The world is entering a new era of AI, powered by foundation models and state-of-the-art deep learning. These new models are enabling organizations to achieve new and exciting discoveries across numerous areas of research such as medical image analysis, large language models for science, and multi-physics simulation workloads. While the potential for using foundation models and deep learning to accelerate these discoveries is immense, these state-of-the-art models come with their own training and management challenges.
SambaNova’s Foundation Model Platform delivers value and innovation across the full AI stack – hardware, software, systems, and even pre-trained models – to enable research organizations to achieve a performance advantage over GPU based systems on the most challenging foundation models and deep learning workloads. For research organizations, this means more experiments and more discoveries with the potential to change the world.

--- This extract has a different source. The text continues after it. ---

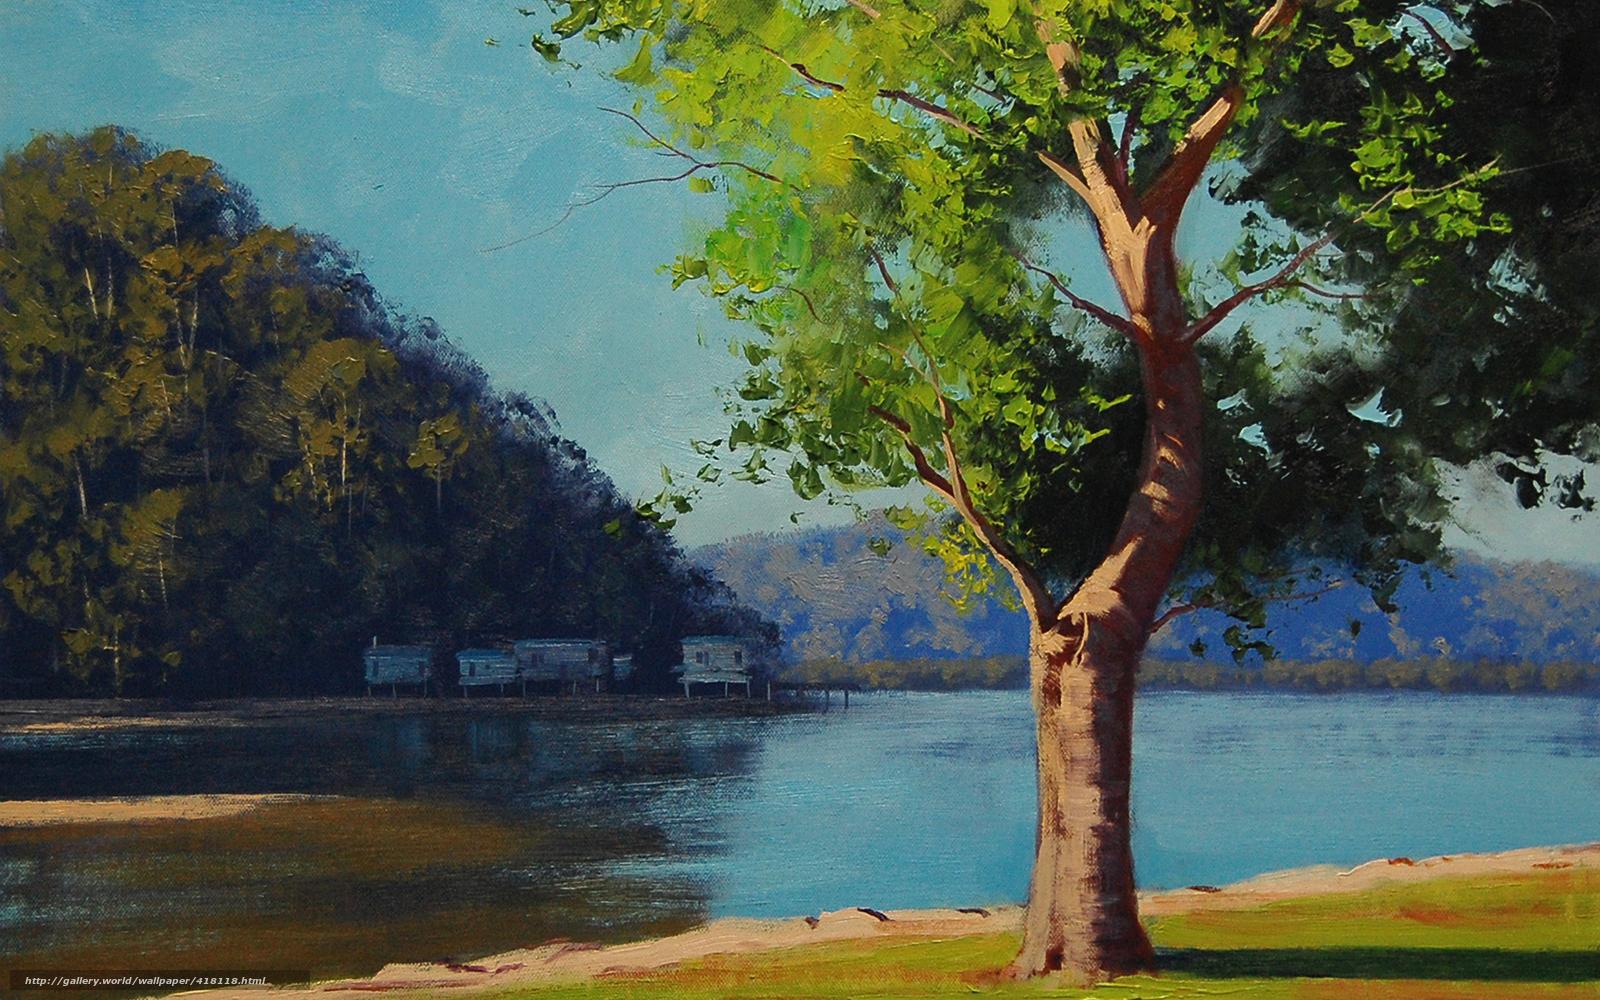 картина с лодкой и деревом на переднем плане пейзаж

Large language models (LLMs) can unlock insights in unstructured data with human level accuracy and solve dozens of language tasks with a single model. Beyond traditional language tasks, these models have demonstrated potential in scientific domains by becoming ‘experts’ in specific topics, such as genomic data for Covid-19 research.
Surrogate models are deep learning models that replace one or more components of larger multi-physics simulation workloads, such as computational fluid dynamics or weather forecasting. However, the GPU/CPU-based architectures used to compute these simulation workloads struggle to deliver performance on sparse, detailed deep learning models.